To calculate time phases in arrest data, this analysis assumes there is a timeline of linear events that starts with arrest, proceeds to lockup, and ends in either a release from lockup or a court date. For example, erroneous records are tagged and omitted wherever the lockup or release date pre-dates the arrest date. There are other records that may be considered erroneous such as when the age of a person is over 100 years old (these exist); however, since the age of a person is not taken into account, as long as the other fields are valid, they are not omitted. Least, but perhaps most importantly, there are a number of extreme outliers in holding times that were excluded for this analysis. For example, there is a single holding time at 1,900 hours and a dozen or so between 100 and 500 hours - are these real cases or clerical errors?

Charge Categorization

To make sense of charges, this analysis categorizes each record according to two tiers. Our senior staff attorney hand classified several thousand records to create a mapping key from charge description to charge category to create 39 detailed classifications (Tier 2). The detailed classifications were further grouped into eight primary categories (Tier 1). Using the mapping table and classification guide, we leveraged a combination of algorithms to match and classify each arrest record’s charges to a category.

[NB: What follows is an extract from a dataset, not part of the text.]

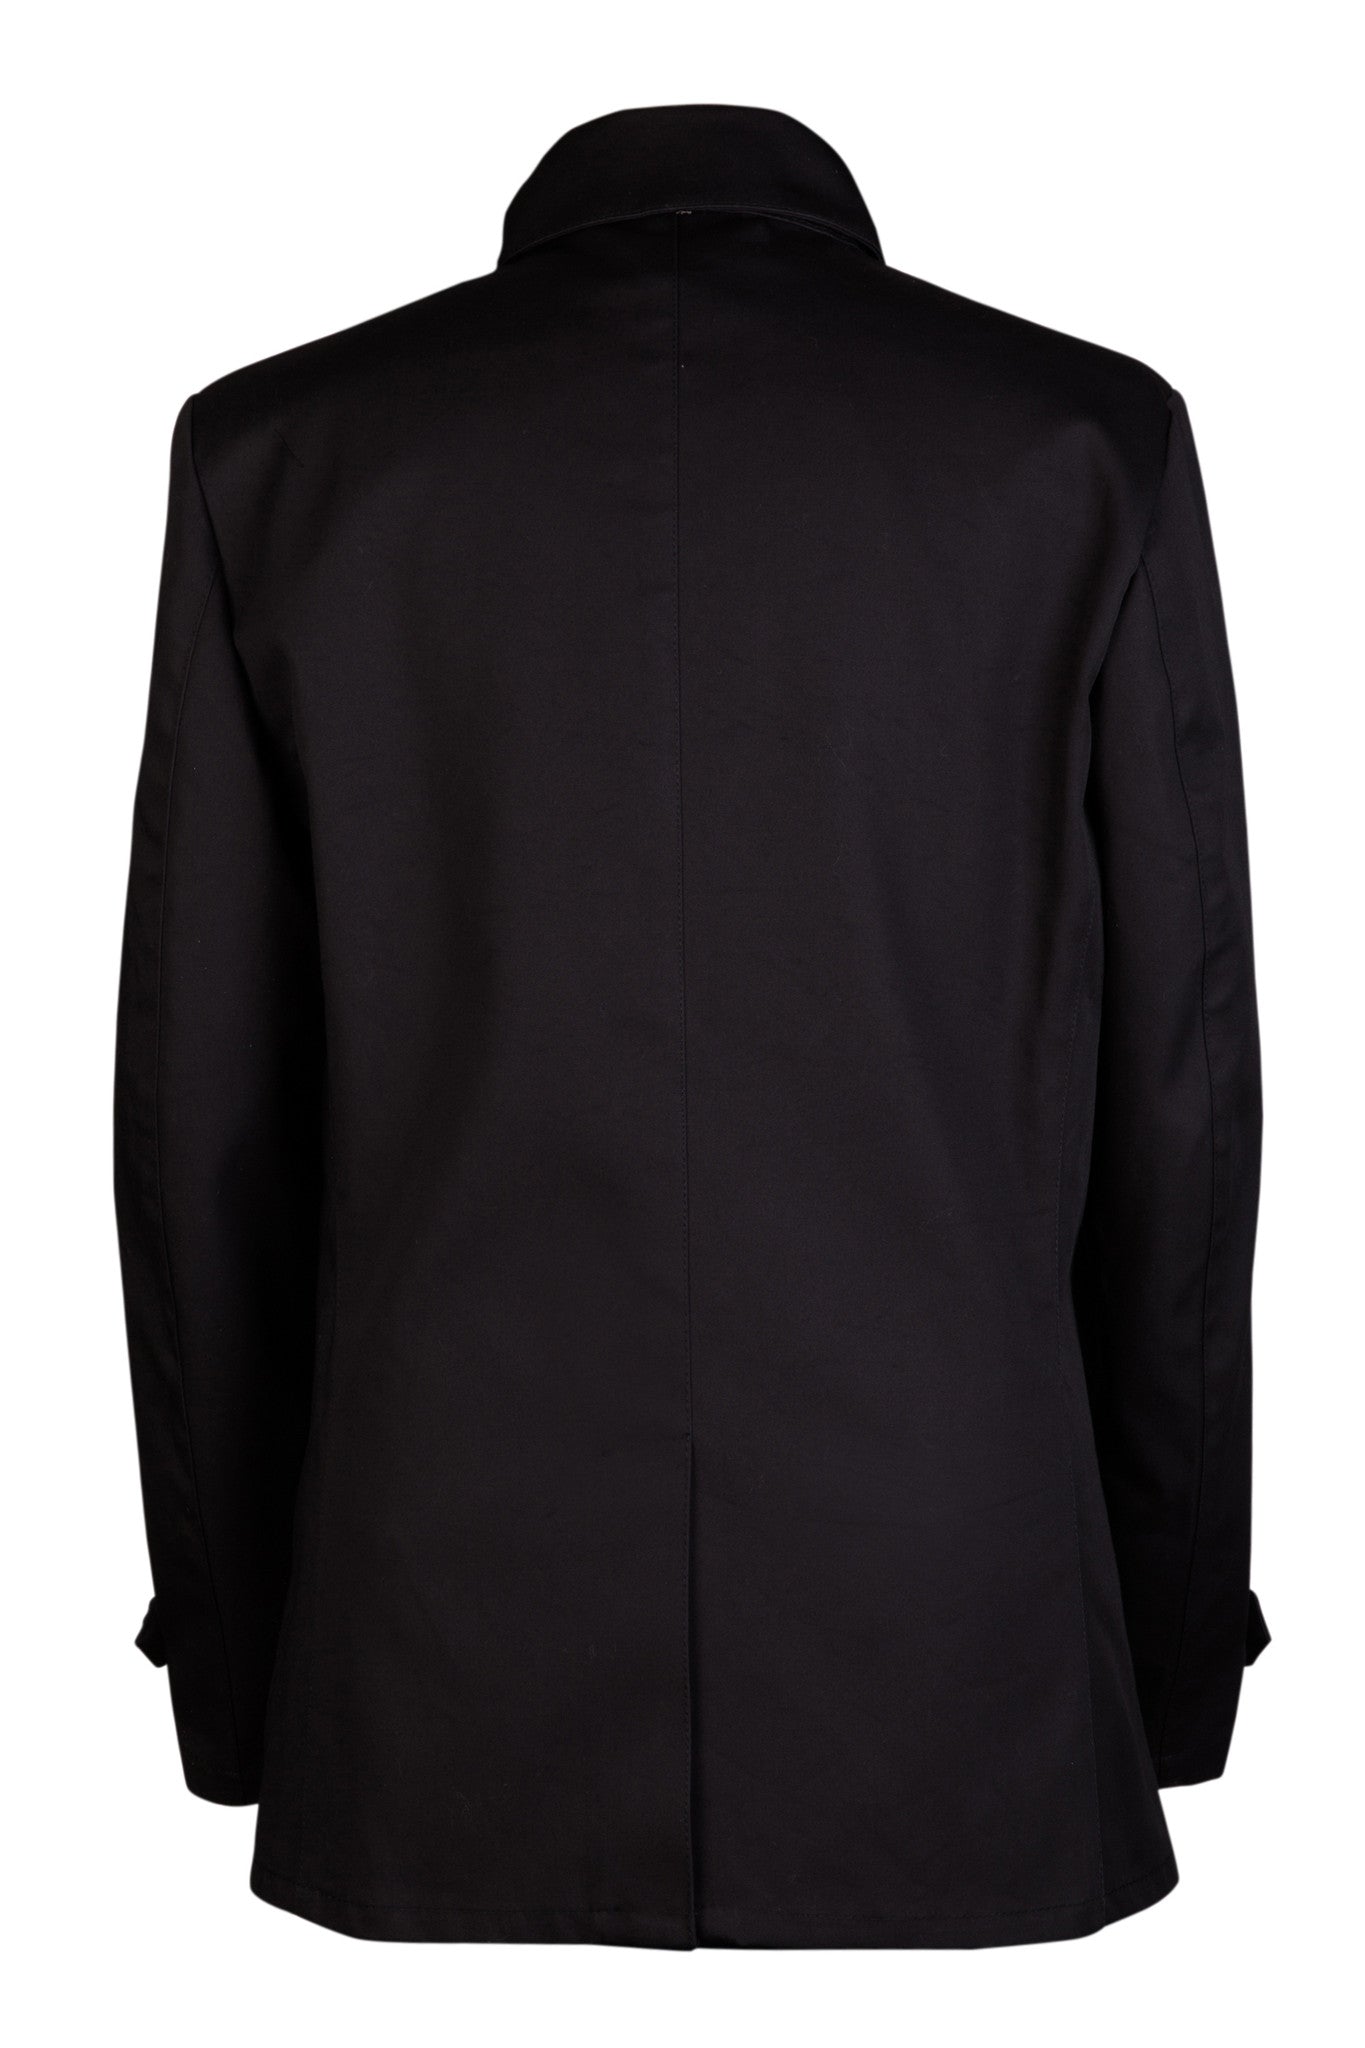 Black Double Breasted Pea Coat Cotton Men's Raincoat

Charge Classification Categories

Tier 2 (Micro Cat)	Tier 1 (Macro Cat)
Violation of Release, Warrant/FTA	CourtRelated
Cannabis, Narcotics	Drug
Assault, Battery, Domestic Violence, Murder-1st Degree, Harassment/Stalking/Intimidation, Child/Minor Related, Homicide (Not 1st Degree), Kidnapping, Sex Crime, VOOP	Person
DUI, DSL, Vehicle/Traffic	Vehicle
Firearm Discharge, Weapon - Non-Firearm, Gun Possession	Weapon
Trespass, PSMV/CTTV, Criminal Damage, Arson, Retail Theft, Burglary, Theft, Robbery, Fraud/ID Theft, Fraud/Theft	Property
Tobacco, Nuisance, Disorderly/Reckless Conduct, Gambling, Resisting Arrest/Obstructing Officer, Prostitution, Registry, Escape	PublicOrder
Other	Other

Although not explicitly leveraged in this story, we also applied a similar method to tagging whether a given charge is policed-related or not. In addition, whether a charge is considered a ‘forcible’ crime. For instance, a police-related charge is largely characterized by resisting arrest or assault against a police officer. Similarly, a forcible classification usually includes charges involving battery but not weapons charges. The following table is an example table used to classify the main dataset. Note: the police and forcible flags were primarily created based on the text of the charge description and not the Tier 2 classification.

Police Related and Forcible Flags

Tier 2 (Micro Cat)	police_related	forcible
Battery	TRUE	TRUE
Assault	TRUE	FALSE
Disorderly/Reckless Conduct	TRUE	FALSE
Escape	TRUE	FALSE
Firearm Discharge	TRUE	FALSE
Other	TRUE	FALSE
Resisting Arrest/Obstructing Officer	TRUE	FALSE
Vehicle/Traffic	TRUE	FALSE

Data Classification and Machine Learning

Classifying each arrest charge according to the aforementioned schemes proved to be a difficult task. For instance, in this analysis, it sufficed to know whether a charge was primarily concerned with Cannabis at a detailed level and then at a higher level, to know it was generally a Drug related charge. However, in just one instance out of thousands, the charge description varied wildly for a subset of cannabis charges. Further, since a given arrest may have multiple charges and the dataset is updated on a daily basis, it became clear that it is not possible to actively map each charge by hand. Worse yet, there was not a one-to-one mapping that would allow us to derive the classifications according to our chosen scheme based on the remaining fields.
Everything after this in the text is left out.